Business Finance has the highest number of paid courses while Web Development has the highest number of free courses

In [None]:
udemy_courses.groupby('subject')['is_paid'].value_counts().sort_values(ascending = False)

# Breakdown of subjects based on wheter they are paid for or not

In [None]:
plt.figure(figsize = (10, 5))
sns.countplot('level', hue = 'is_paid', data = udemy_courses)
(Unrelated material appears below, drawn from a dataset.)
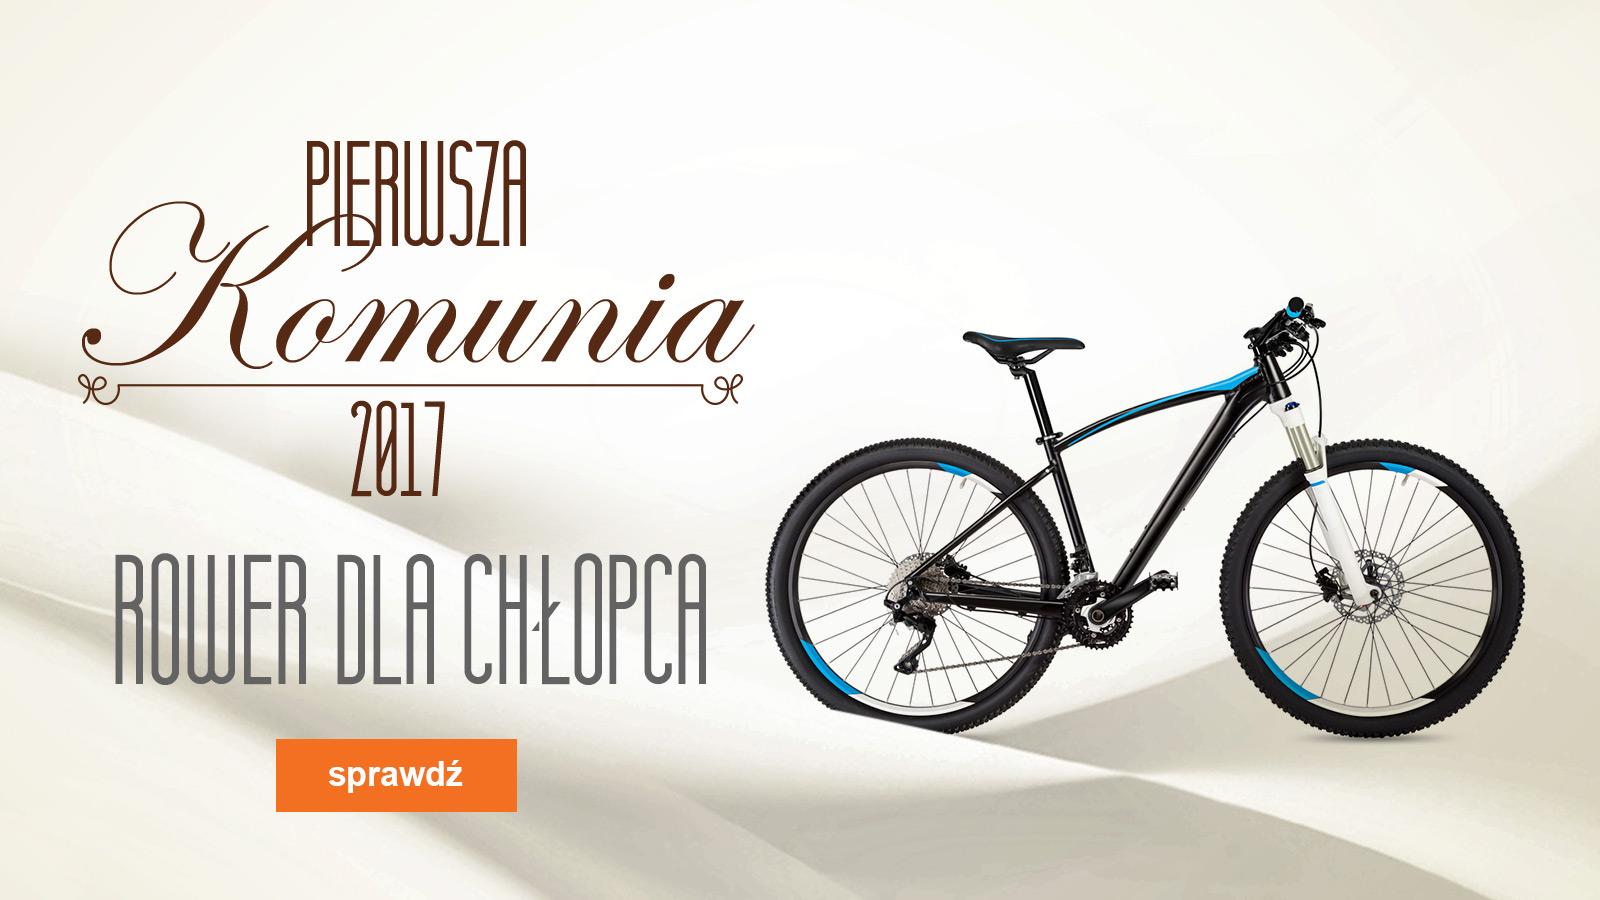 Komunia 2017 – jaki rower wybrać dla chłopca?

Seems that truly, a good education is expensive as Expert level courses although not many, has no free course. They have to be paid for.

In [None]:
udemy_courses.groupby('level')['is_paid'].value_counts()

# Breakdown of subject by level

In [None]:
plt.figure(figsize = (10,5))
sns.countplot('subject', hue = 'level', data = udemy_courses)

# Level count

In [None]:
udemy_courses["level"].value_counts().plot(kind="bar")
plt.ylabel('Count of courses')
plt.xlabel('Course Level')
plt.title('Number of courses based on level of expertise')

It seems as the level increases, the less number of courses are put out.

# Content/Course released per year

In [None]:
udemy_courses['year'].value_counts().plot(kind = 'bar')

In [None]:
udemy_courses.groupby('year')['course_title'].count()

# Number of subscribers per year

In [None]:
udemy_courses.groupby('year')['num_subscribers'].sum().sort_values(ascending = False).plot(kind = 'bar')

In [None]:
sns.catplot(x = 'is_paid', col = 'year',
            data = udemy_courses, 
            kind = 'count',
           height = 2.5, 
            aspect = .8
           )

# Correlation/Relationship

In [None]:
corr = udemy_courses.corr()
f,ax = plt.subplots(figsize=(15, 10))
sns.heatmap(udemy_courses.corr(), annot=True, fmt= '.1f',ax=ax, cmap="BrBG")
sns.set(font_scale=1.25)
plt.show()


We have another correlation map here because the first one did not read the published_timestamp because it was not in datetime format, thus the need for a new correlation when the date was converted

The correlation between the year a content was released and its number of subscribers is -0.2 (a negative correlation). This means the time a course was published has no impact on its number of subscribers.